I was working with a customer recently that kept seeing 10-12 second hangs in MySQL. Everything would be working well and suddenly all data changing statements would stop working.

Once the 10-12 seconds passed, the system would recover and everything would be fine for a while. This would repeat every 30-45 minutes normally, and would occur more frequently when the system was doing some heavy ETL type activity (data loads, big updates, etc...), with the ETL ones being longer and worse generally.

One of the steps taken while investigating was to check out vmstat/iostat. From this we noticed that during the spike there was very intense disk activity. I suspected something wrong with InnoDB such as the famous purge hiccup or something with the log files checkpointing, etc... However we then found out that it was the disk system where the binary logs were stored and not the InnoDB files.

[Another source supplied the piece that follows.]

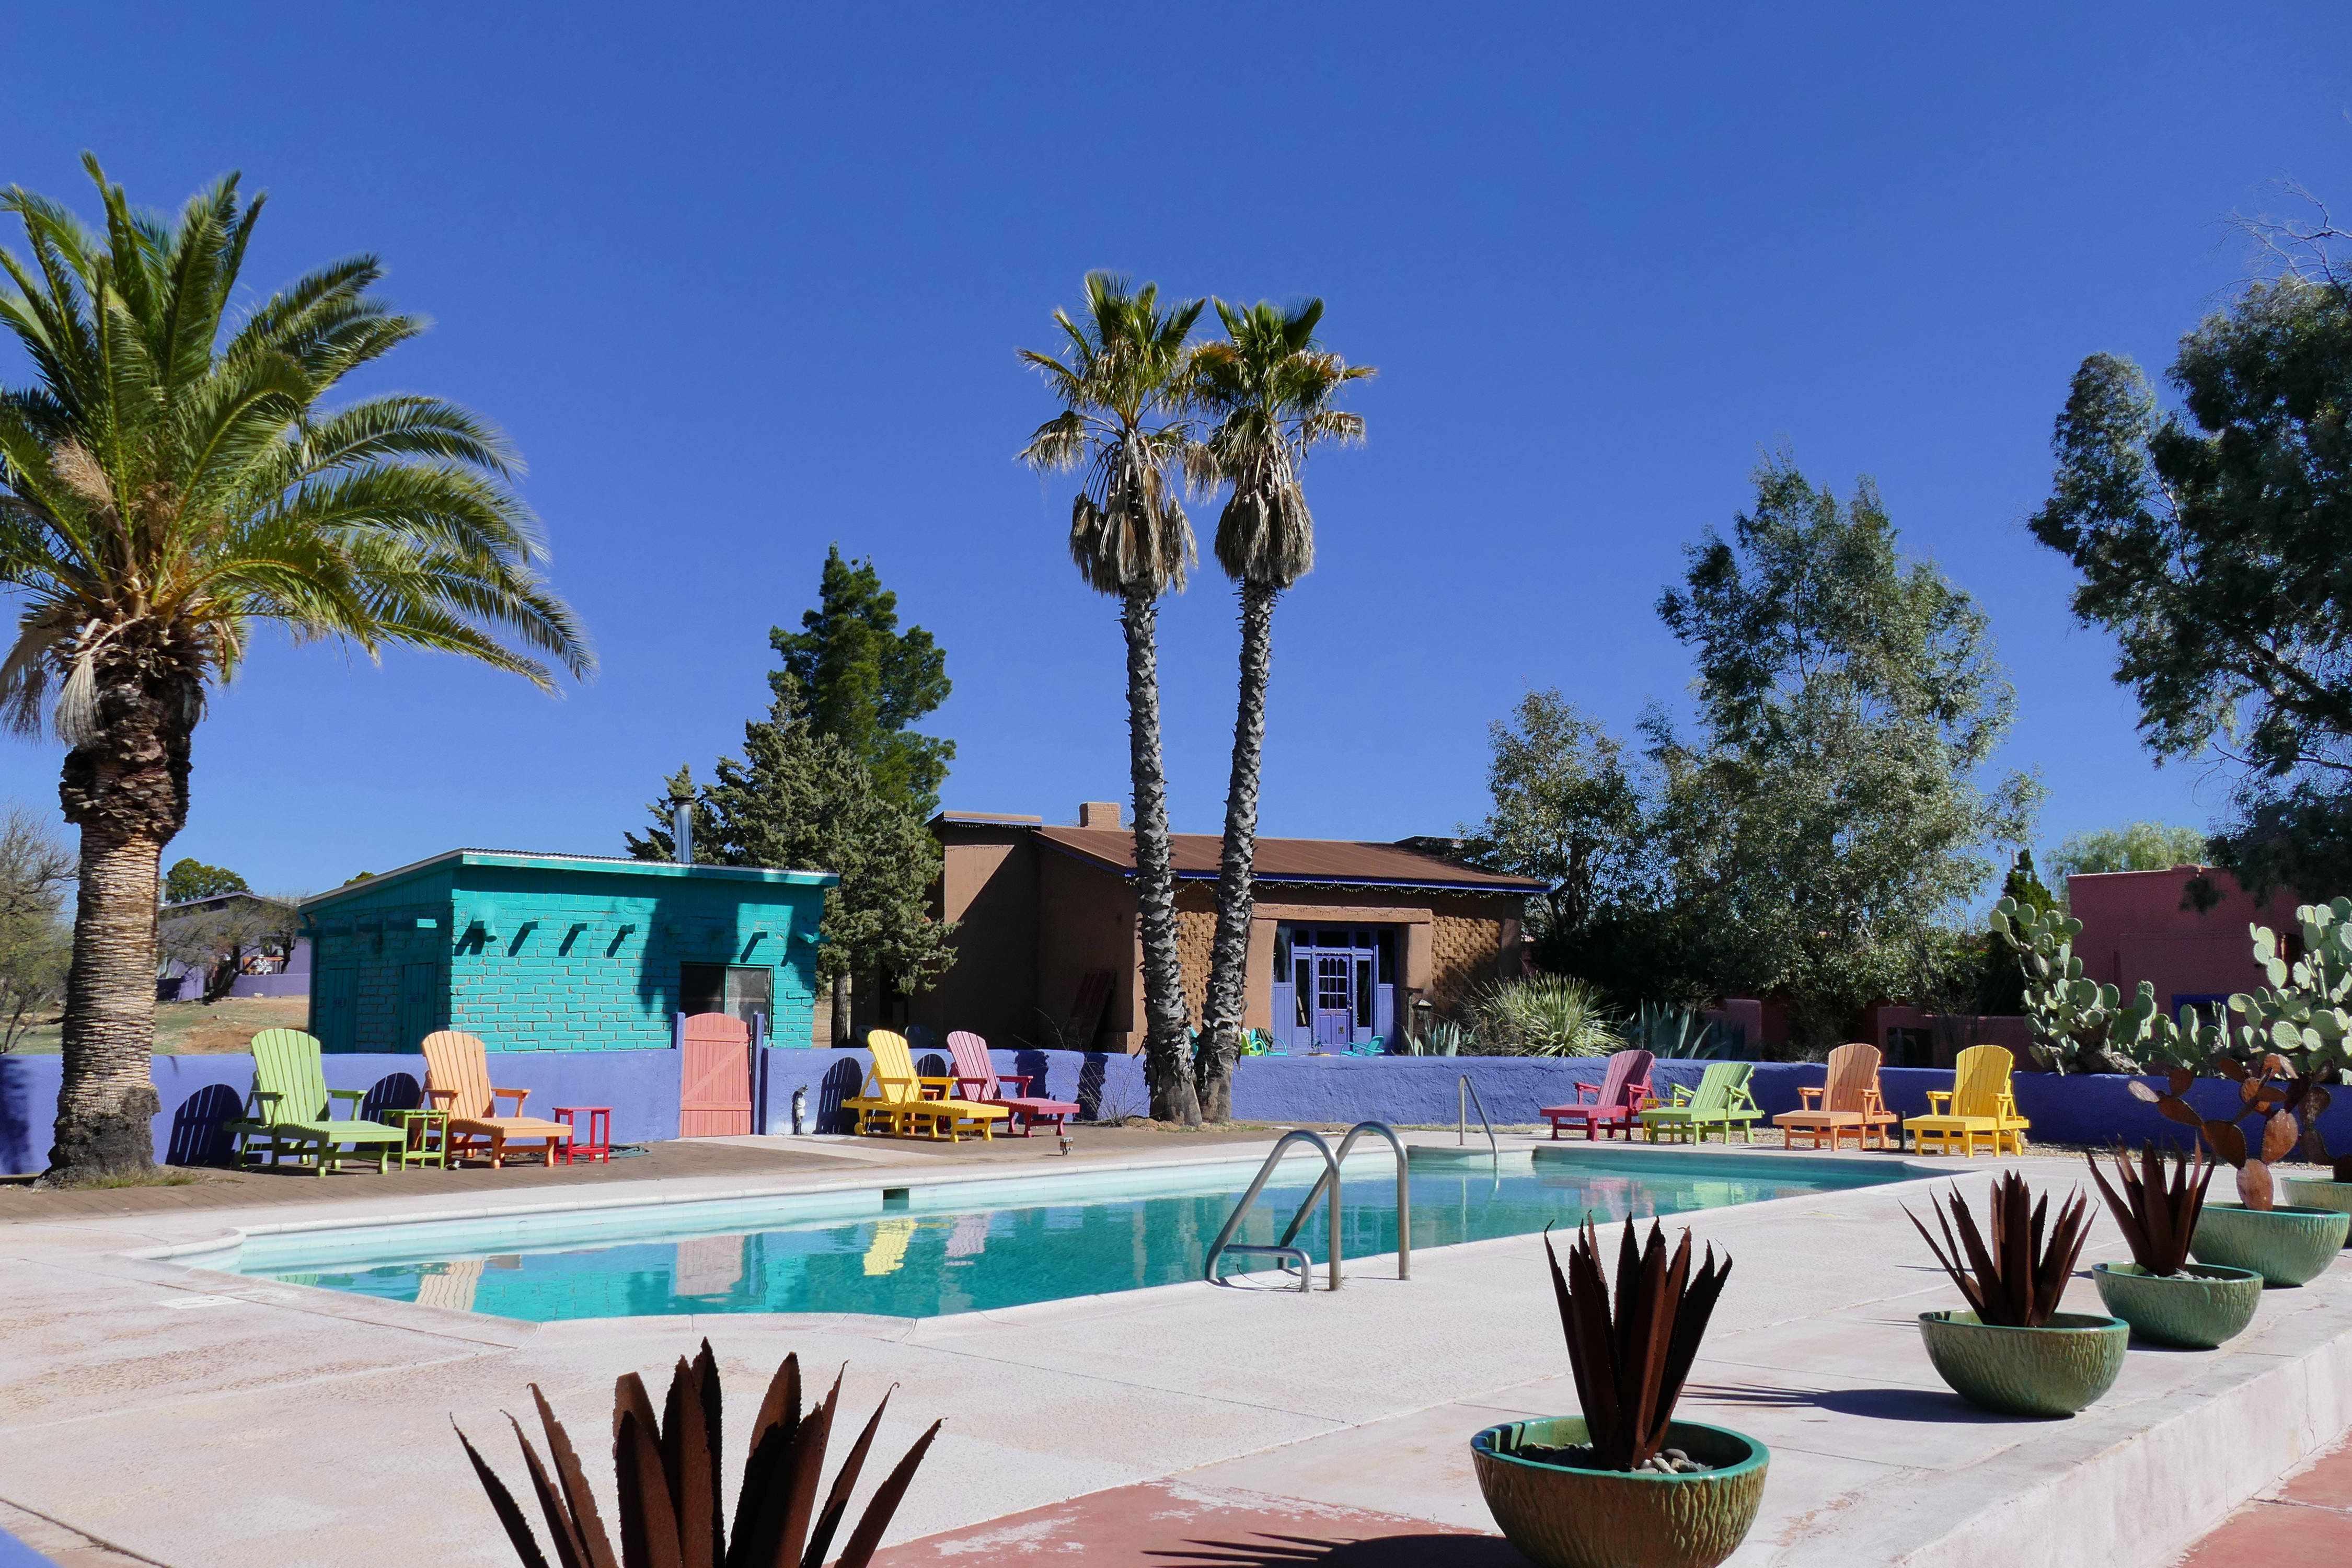 The pool at Rancho de la Osa

While continuing to investigate, it was noticed that the times it occurred happened to exactly match up with the times that the binary log rotations were occurring. Using strace, we were able to notice that the fdatasync() call that accompanied the rotation was taking a very long time (the majority of the delay time).

Finally we were able to pin it down to ext4 and how it delays data writes for a very long time (30 minutes). Compare this to ext3 which will flush things every 5 seconds or so. I am told that ext4 recently changed this behavior (this was in 2.6.30), so hopefully this won't hit more people.

What was happening was as follows:

  • Binary log data gets written to over time

  • ext4 in an attempt to increase performance does not write the data to disk

  • ext4 continues to not write data to disk, even as hundreds of MB of binary log sits in memory and the disk is mostly idle

  • Binary log gets full (1024MB) and rotates while holding the log mutex

  • Rotation calls an fdatasync prior to closing the file

  • ext4 now has to write the data out and takes 10-12 seconds to do so

  • log mutex prevents any commits while it writes

  • Write finishes, log rotates, things repeat



To alleviate this, we ended up setting sync_binlog=100. This will force the binary log to fsync periodically and hence not allow ext4 to wait forever to write the data out to the file. There is also the commit mount option for ext4 which should give similar benefits by forcing it to write more often but I didn't test it.